I have actually used it with a rotary - no problems at all. It removed most of the scratches on a mates 69 Chevelle - most of them from machine washing for years, and poor hand washing with sand in the bucket. 
:wave: Ulrik - Denmark.


----------



## TheChallinor (Sep 1, 2013)

-Raven- said:


> it cuts up to about 8/10 and finishes about 9/10.
> 
> For DA compound comparison, the Ultimate Compound is very similar the D300. The D300 seems to cut just slightly more, and finish is similar. The D300 seems a bit better for micro-fibre pads (which it was designed for) as it seems a bit wetter.
> 
> I don't think you should be worrying about rotary or DA specific polishes, you're getting too caught up in it TBH.


Thanks mate, yes certainly have got caught up in it all. Got some UC and ordered Das 6 Pro and a couple of pads, look forward to getting started.

So would you not bother with another polish on top then as in ultimate polish which is designed to use after ( or by itself as well if no correction is needed )


----------



## Guitarjon (Jul 13, 2012)

I'm using 105 and 205 but I'm finding I have to go for menzerna polishes on harder paint. 105 doesn't seem to like longer working times like it's menzerna equivilant and can be a paint in the heat for drying out.
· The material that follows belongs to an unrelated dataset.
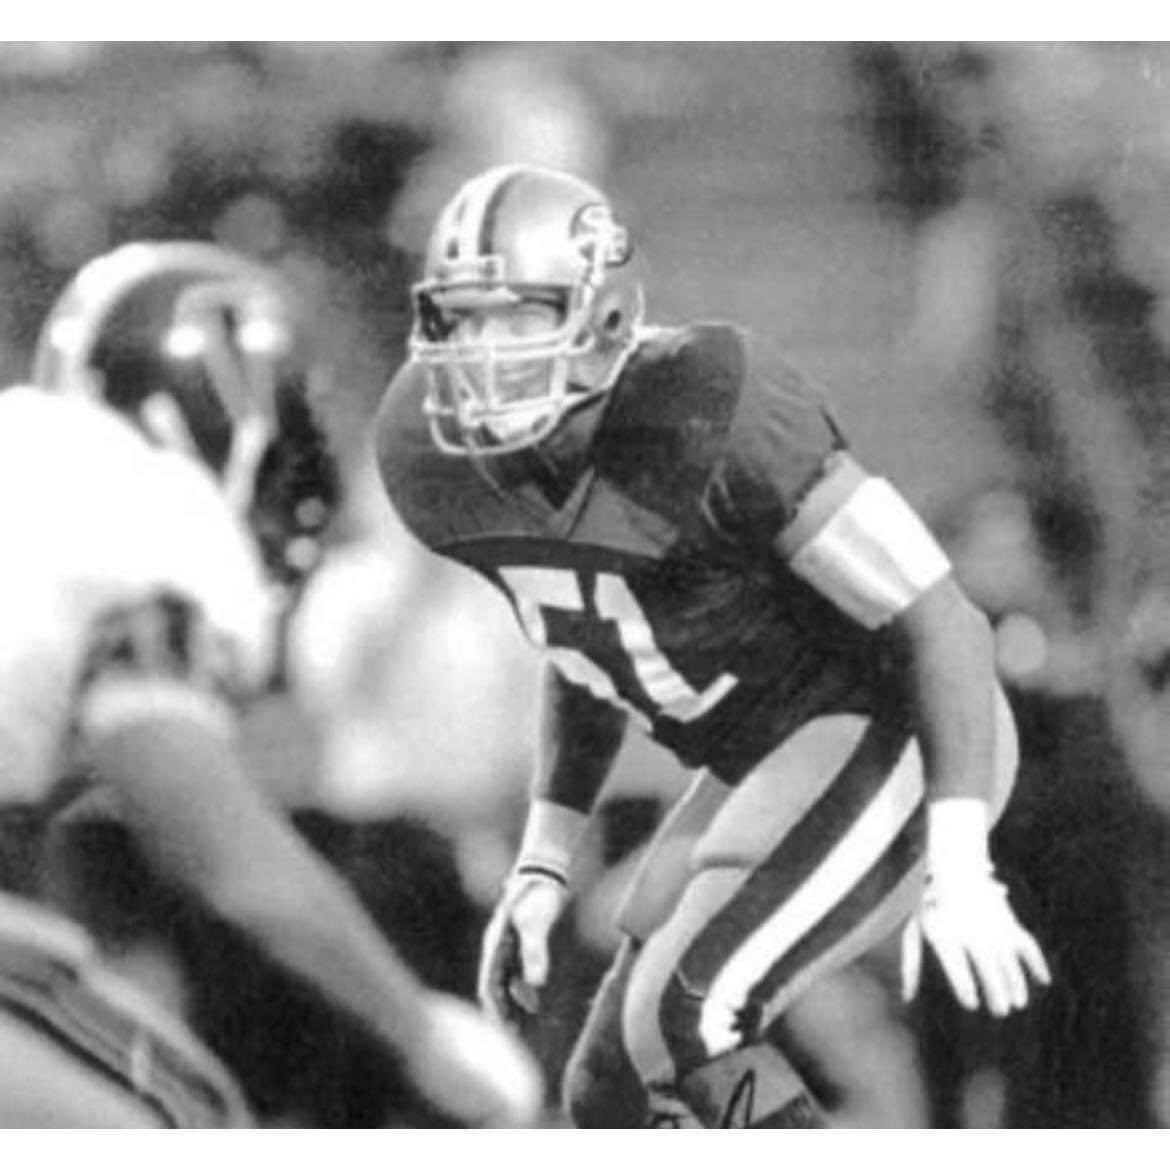 Three Time All American, Legendary @BroncoSportsFB Hall Of Fame LB, and San Francisco @49ers Carl Keever has his sights set on raising 100K this year for his Beyond Blue Scholarship fund through his Blue Elevation Nonprofit that will help struggling OKG’s (Our Kinda Guys & Gals)

I generally start with 105 but if it's not making much difference I go to fg400.


----------



## dschia (Sep 21, 2008)

Both are good as long as you learn how to used them properly. I have been using gallons of meguiar 105/205 and many liters of menzerna fg400, pf2500 and sf4000 over the years and I overall prefer the menzerna range. Not sure have they change any formula over the years but I just find menzerna easier to work with on all types paintwork regardless of dirty, hard, soft etc. Meg 105 and 205 can be finicky on dirty or sticky paint and require some tweaking on technique. Also, I feel that Meg twin is more difficult to finish hologram free on soft clear and difficult to cut on hard clearcoat.


----------